Information shown:

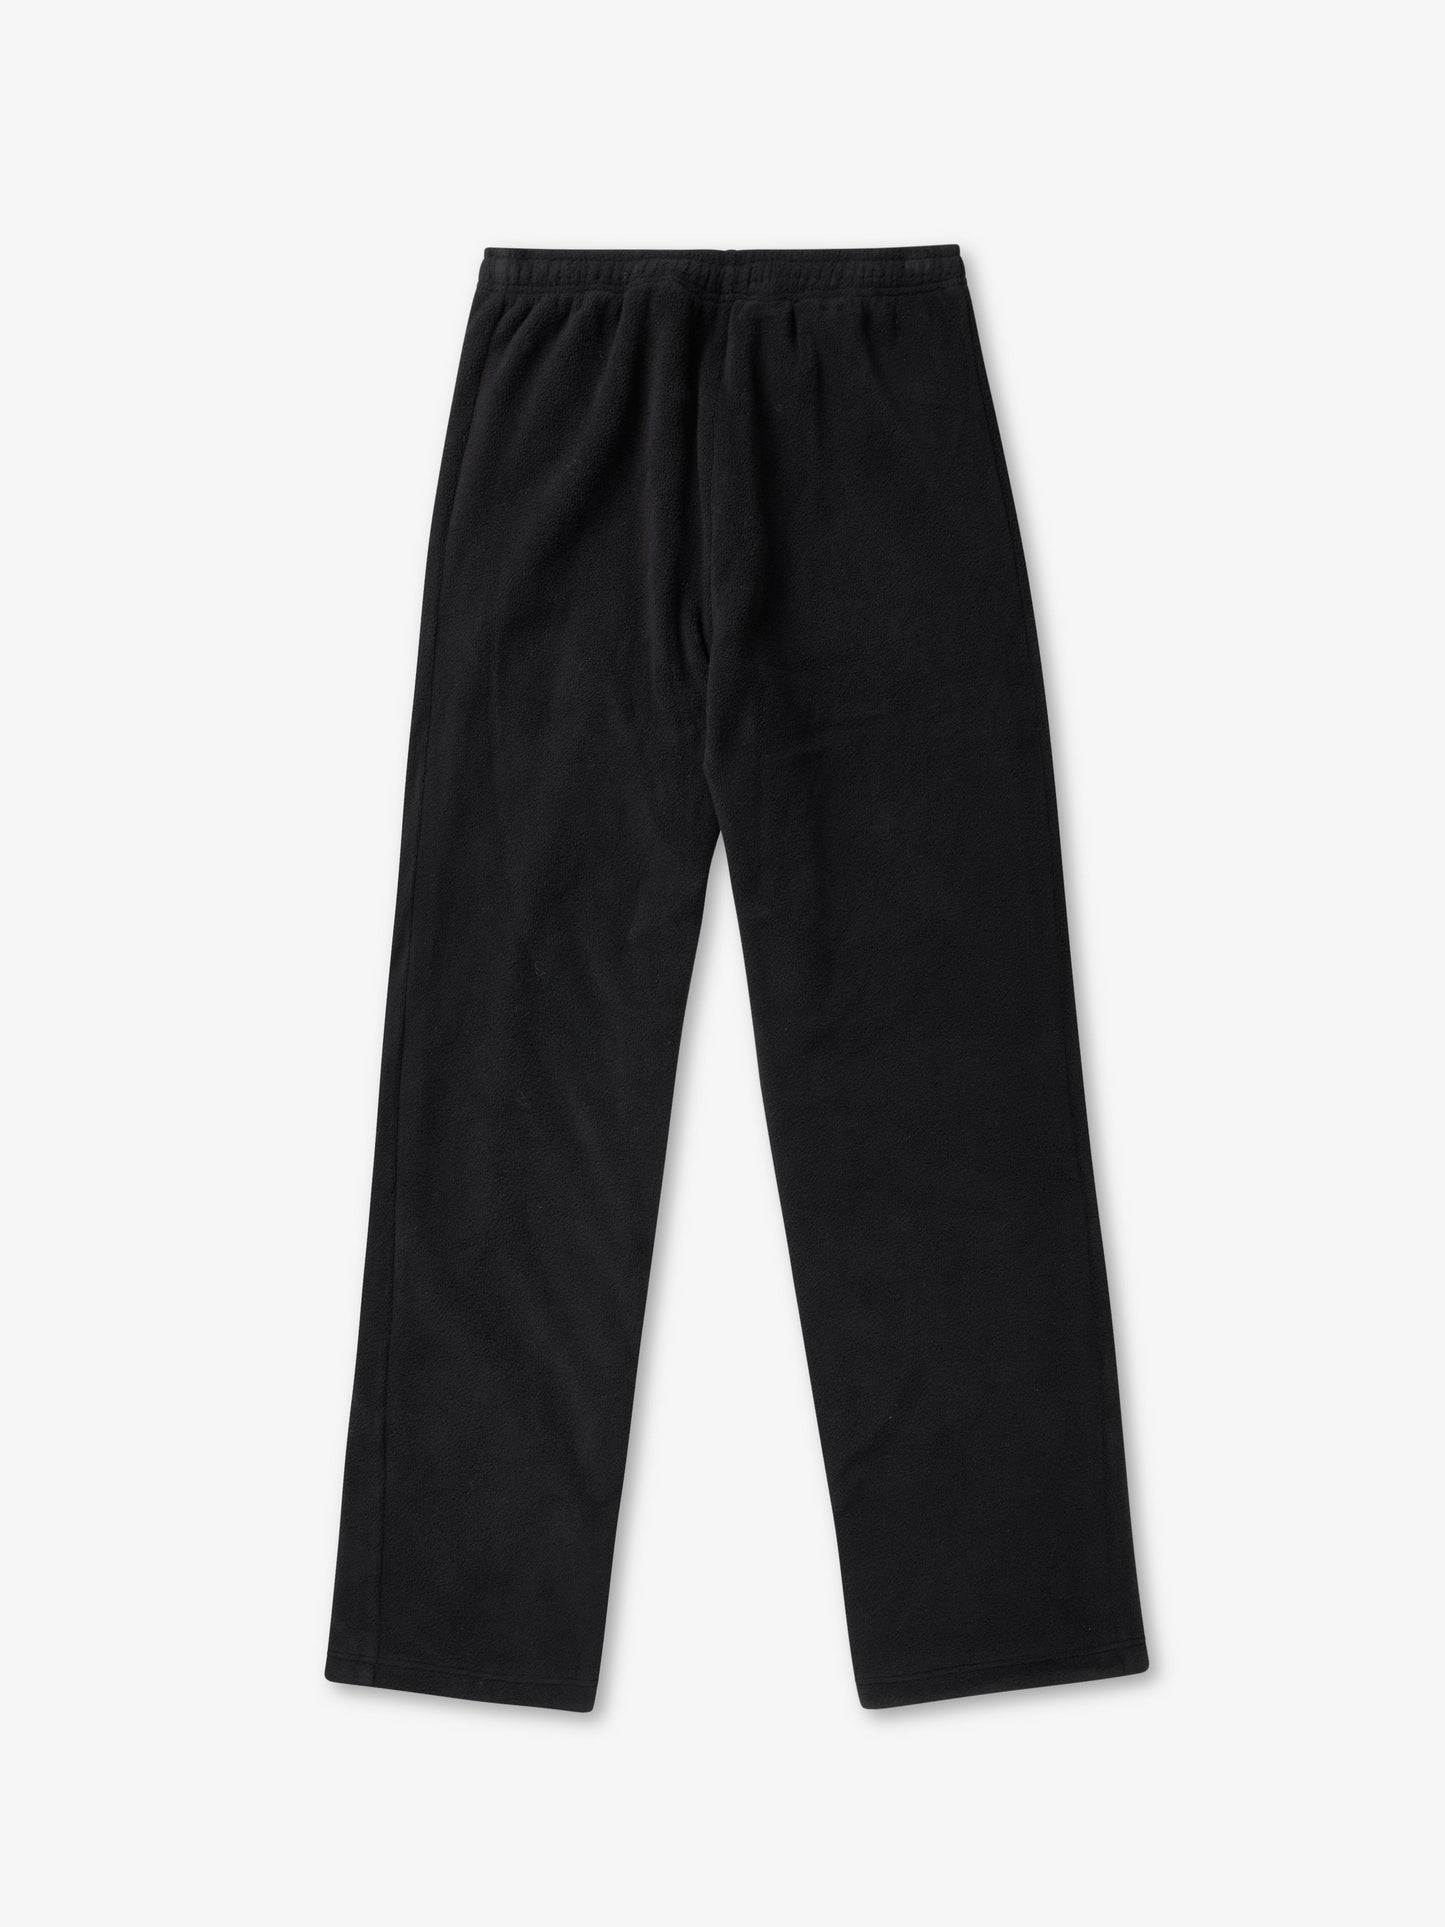 7 DAYS Fleece Pants Pants 001 Black
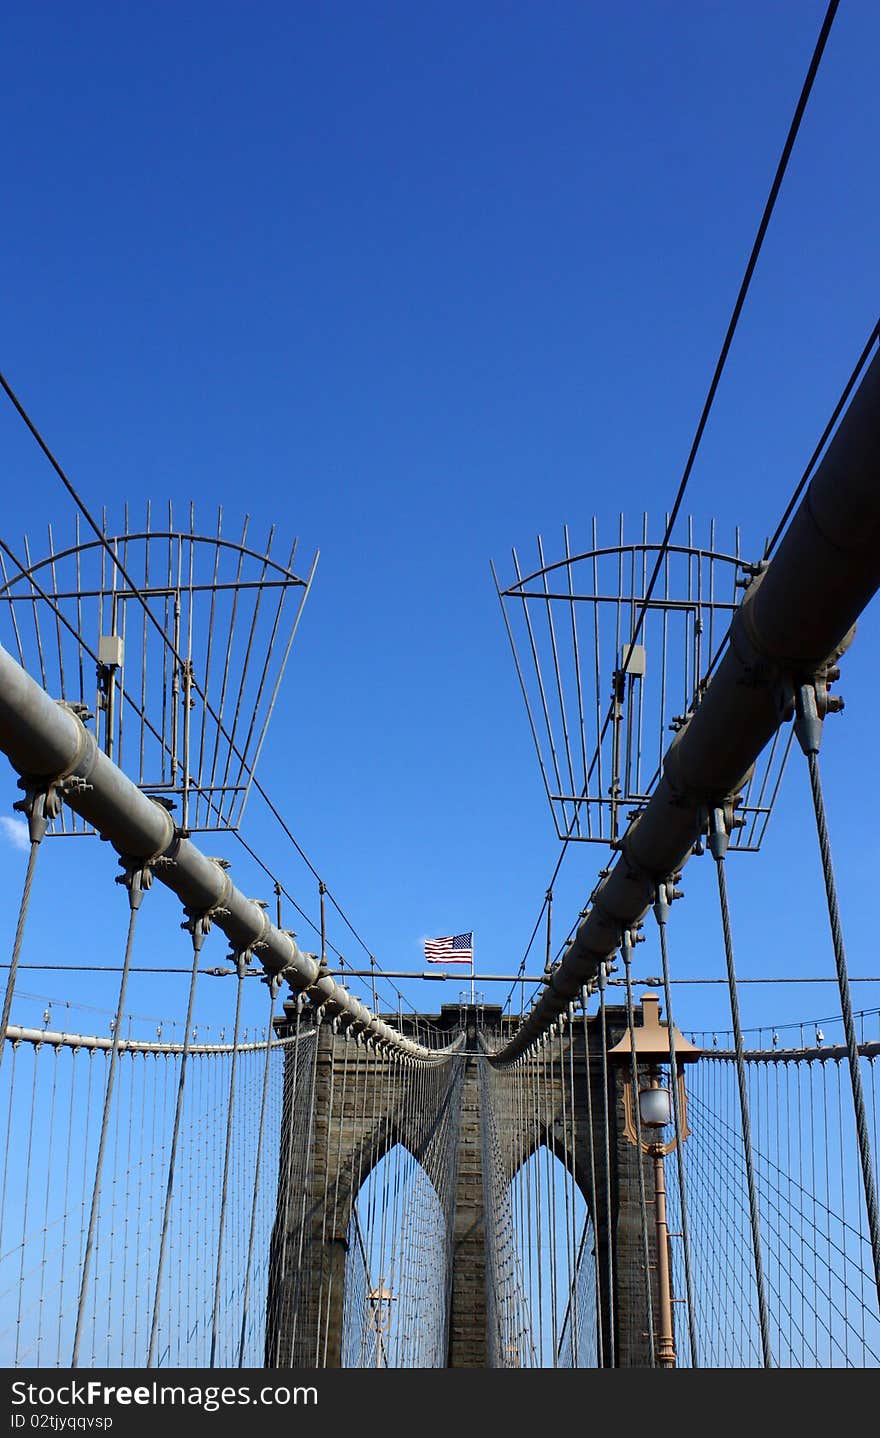 Brooklyn Bridge in New York City under a blue sky
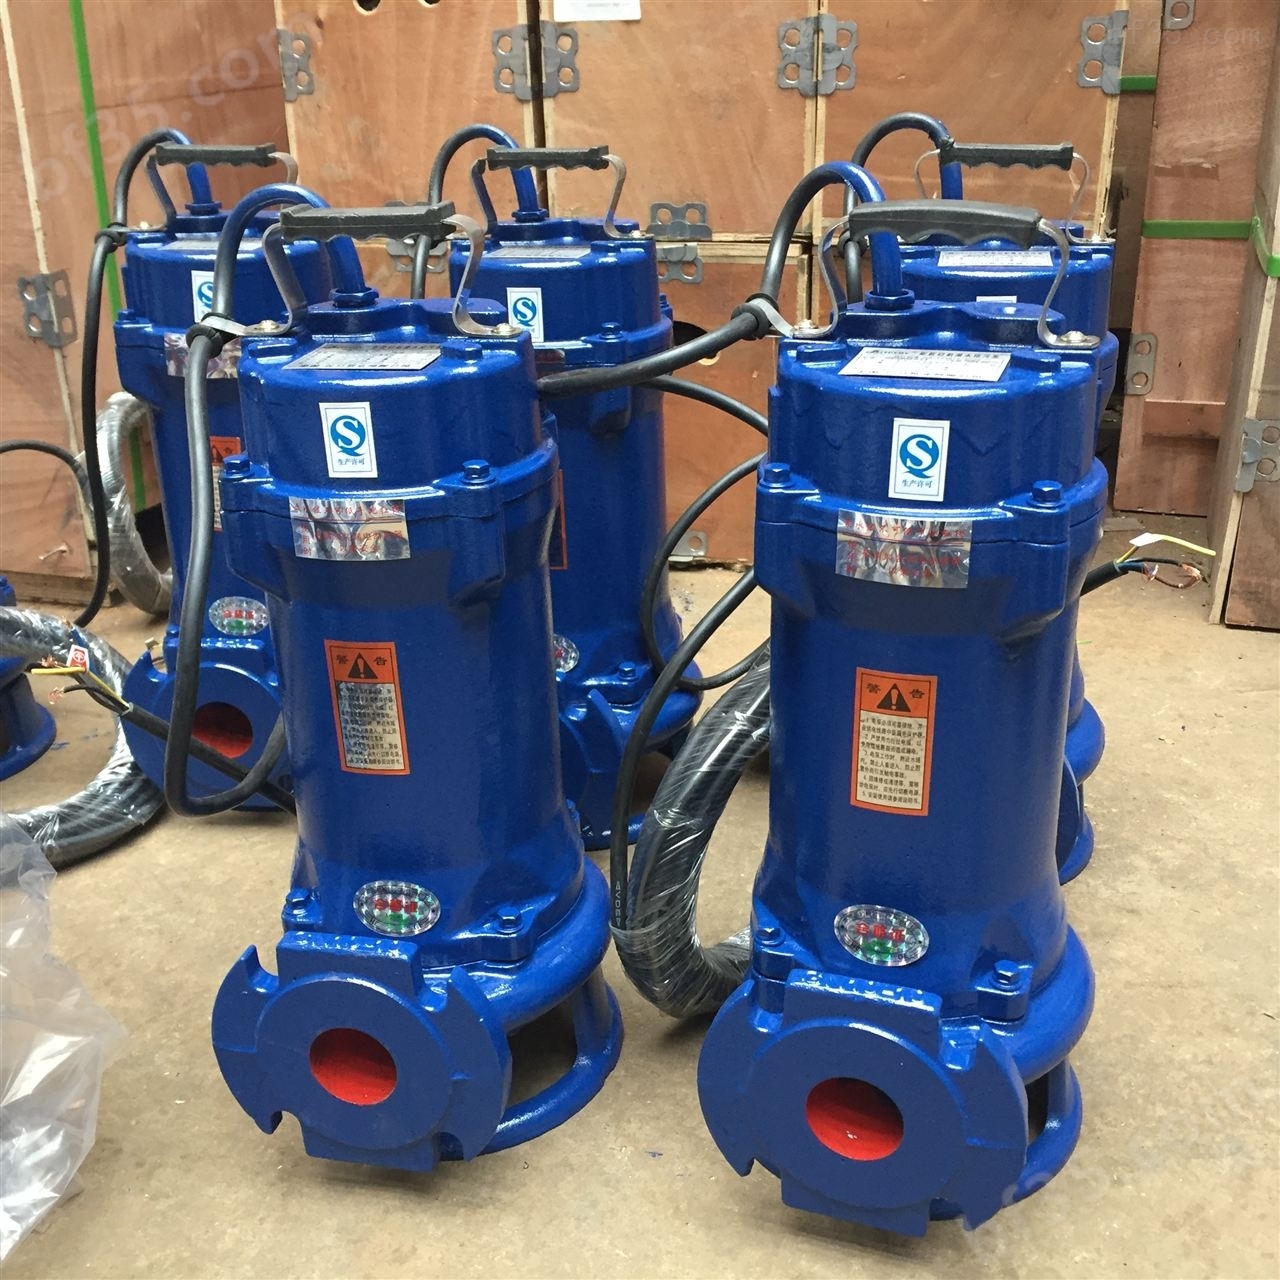 50XWQ12-10-1.1潜水切割泵切割式排污泵

Your instructions: A verbatim retyping of the listing, without any pictures, is the expected answer.

Exercise answer:
 7 DAYS Fleece Pants Pants 001 Black
 Brooklyn Bridge in New York City under a blue sky
 50XWQ12-10-1.1潜水切割泵切割式排污泵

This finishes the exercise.